Olympics 2024: Katarina Johnson-Thompson strengthens bid for gold in heptathlon

Katarina Johnson-Thompson’s hopes of Olympic gold are well and truly alive at the end day one of what looks set to be a heptathlon duel for the ages.

The Brit produced a huge personal best of 14.44m in the shot put, as well as her best high jump performance in five years, to lead on 4055 points after four events, 48 clear of defending champion and long-time rival Nafi Thiam. 

Johnson-Thompson put years of injury woe behind her to regain her world title in Budapest last year, but is still searching for a first ever Olympic medal at what is her fourth Games. Having made her debut at London 2012 as a teenager alongside Jessica Ennis-Hill, she was well-fancied to make the podium in Rio four years later, but could only finish sixth, before pulling her calf during the 200m in Tokyo and being forced out of the competition.

The 31-year-old’s build-up to Paris has also been far from smooth.

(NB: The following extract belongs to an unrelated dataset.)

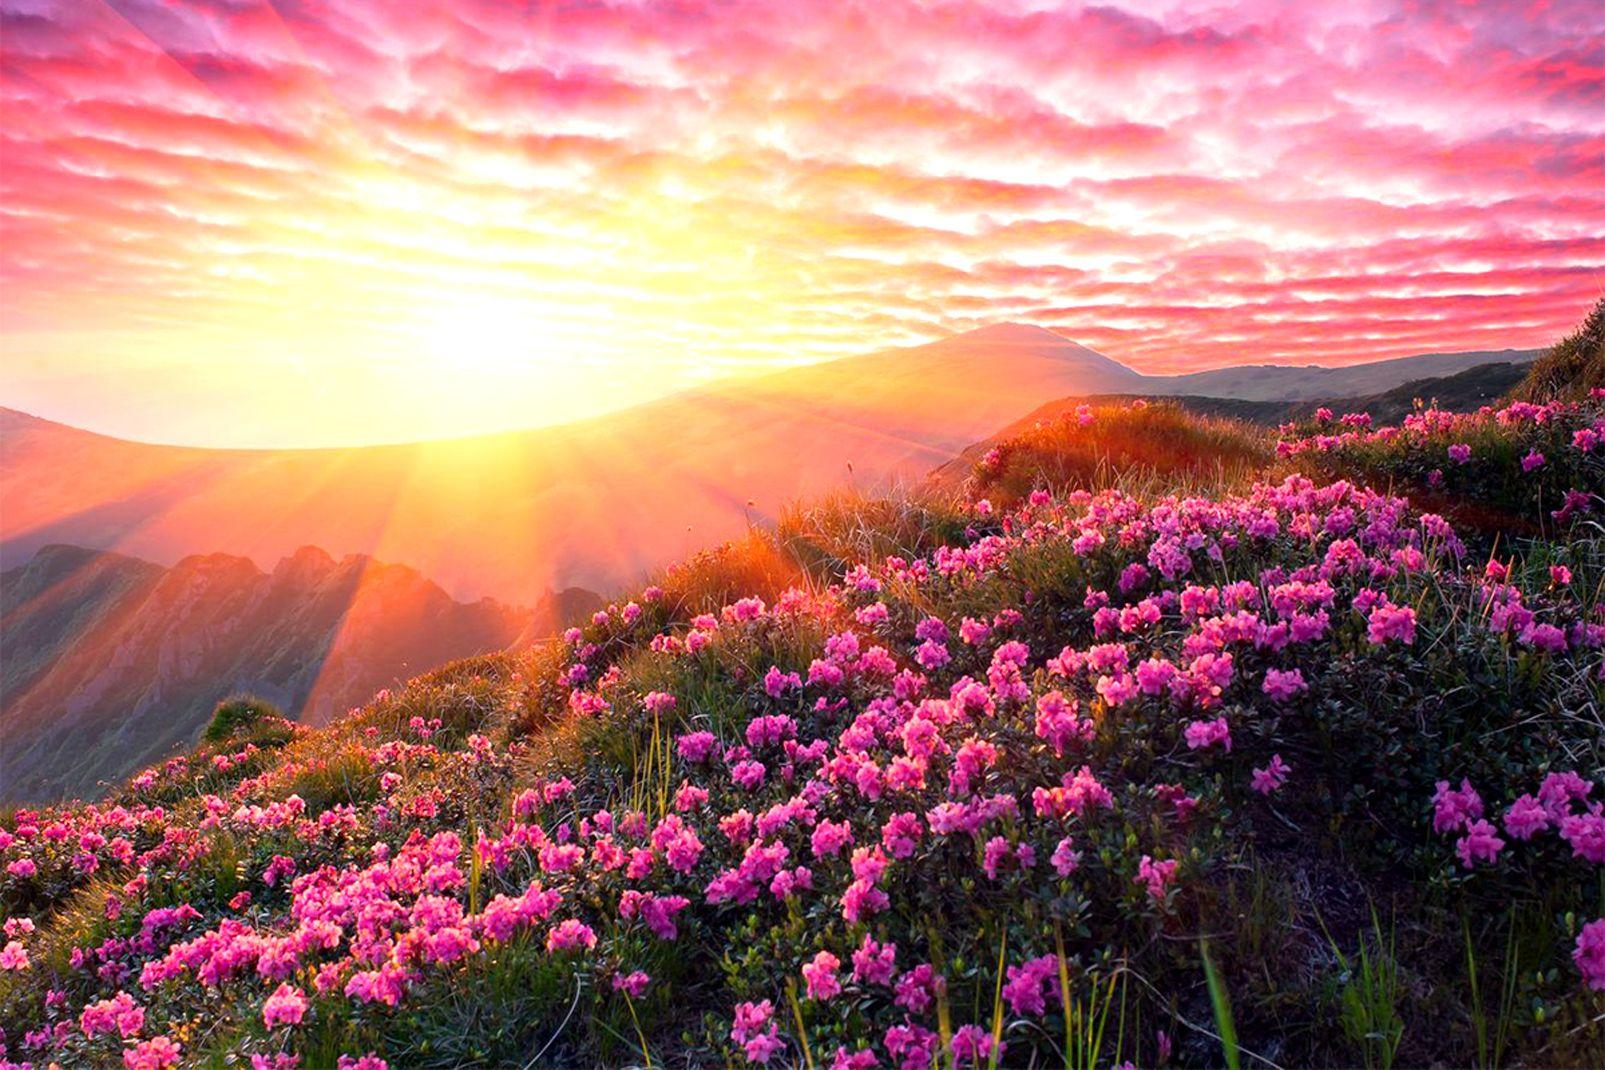 amerique, canada, ouest, nord, rhododendron, montagne, territoires du nord-ouest

She pulled out of the European Championships in Rome after three events because of injury and has not completed a full heptathlon in 2024 as she continues to manage an Achilles issue.

If her fitness remained a question-mark at the start of Thursday, though, by nightfall the script had flipped: it appears the world champion might just be in some of the best shape of her life.

Johnson-Thompson began the morning running a season’s best time of 13.40seconds in the 100m hurdles - a tenth-of-a-second quicker than she had opened when winning world gold in Budapest 12 months ago - before clearing 1.92m in the high jump for the first time since her maiden World Championship success, at Doha 2019.

Strong start: Katarina Johnson-Thompson is the early leader in the Olympic heptathlon in Paris (REUTERS)

The evening session began with what is traditionally one of the Liverpudlian’s weakest events, the shot put, and at one stage she looked set to surrender a swing of well over 100 points to Thiam, after the Belgian - a much stronger thrower - equalled her personal best of 15.54m.

Johnson-Thompson, by contrast, had managed only 13.38m across the first two rounds and never in her life thrown beyond the 14-metre line. With her third and final attempt, though, she launched past it and then some, her mark of 14.44m adding more than half-a-metre to her lifetime best.

That meant Thiam carrying a lead of 50 points into the final event of the day, the 200m. However, Johnson-Thompson’s 23.44 was a second quicker than her rivals to effectively flip that margin, with the long jump, javelin and 800m to come.